### Work to complete
In the entries below, filter for the word "para" and copy every matching line.

### Data extracts
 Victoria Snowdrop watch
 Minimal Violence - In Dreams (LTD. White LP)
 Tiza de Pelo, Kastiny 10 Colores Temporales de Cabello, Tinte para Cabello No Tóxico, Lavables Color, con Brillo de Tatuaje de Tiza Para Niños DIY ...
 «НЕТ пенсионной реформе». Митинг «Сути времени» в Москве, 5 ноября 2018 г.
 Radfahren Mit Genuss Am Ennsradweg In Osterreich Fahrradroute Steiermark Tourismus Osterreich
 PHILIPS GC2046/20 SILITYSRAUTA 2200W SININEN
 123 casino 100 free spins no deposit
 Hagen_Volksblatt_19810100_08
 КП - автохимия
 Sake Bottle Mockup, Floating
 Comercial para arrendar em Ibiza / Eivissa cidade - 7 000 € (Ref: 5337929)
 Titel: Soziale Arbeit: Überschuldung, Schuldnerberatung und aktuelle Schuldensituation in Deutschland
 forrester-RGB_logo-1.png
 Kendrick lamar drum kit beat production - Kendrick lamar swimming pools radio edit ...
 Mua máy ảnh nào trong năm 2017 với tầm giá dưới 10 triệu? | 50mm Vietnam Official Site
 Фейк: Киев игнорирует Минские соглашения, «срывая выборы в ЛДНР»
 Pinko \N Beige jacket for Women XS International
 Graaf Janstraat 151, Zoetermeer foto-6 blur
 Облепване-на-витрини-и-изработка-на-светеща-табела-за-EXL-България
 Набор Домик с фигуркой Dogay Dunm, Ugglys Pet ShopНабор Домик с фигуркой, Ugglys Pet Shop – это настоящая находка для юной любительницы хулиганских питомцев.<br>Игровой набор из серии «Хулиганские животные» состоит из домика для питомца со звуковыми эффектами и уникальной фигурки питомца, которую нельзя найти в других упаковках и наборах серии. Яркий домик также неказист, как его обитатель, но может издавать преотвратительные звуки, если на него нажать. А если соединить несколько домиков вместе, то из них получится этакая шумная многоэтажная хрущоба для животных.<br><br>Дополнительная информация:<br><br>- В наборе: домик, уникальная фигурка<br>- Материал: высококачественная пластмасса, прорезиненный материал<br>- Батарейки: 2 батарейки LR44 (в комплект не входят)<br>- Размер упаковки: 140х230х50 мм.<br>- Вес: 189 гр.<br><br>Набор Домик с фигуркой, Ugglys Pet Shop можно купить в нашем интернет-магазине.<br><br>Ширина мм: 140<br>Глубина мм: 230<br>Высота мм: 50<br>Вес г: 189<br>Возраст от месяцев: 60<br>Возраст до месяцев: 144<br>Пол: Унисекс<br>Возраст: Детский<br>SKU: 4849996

### Solution
 Tiza de Pelo, Kastiny 10 Colores Temporales de Cabello, Tinte para Cabello No Tóxico, Lavables Color, con Brillo de Tatuaje de Tiza Para Niños DIY ...
 Comercial para arrendar em Ibiza / Eivissa cidade - 7 000 € (Ref: 5337929)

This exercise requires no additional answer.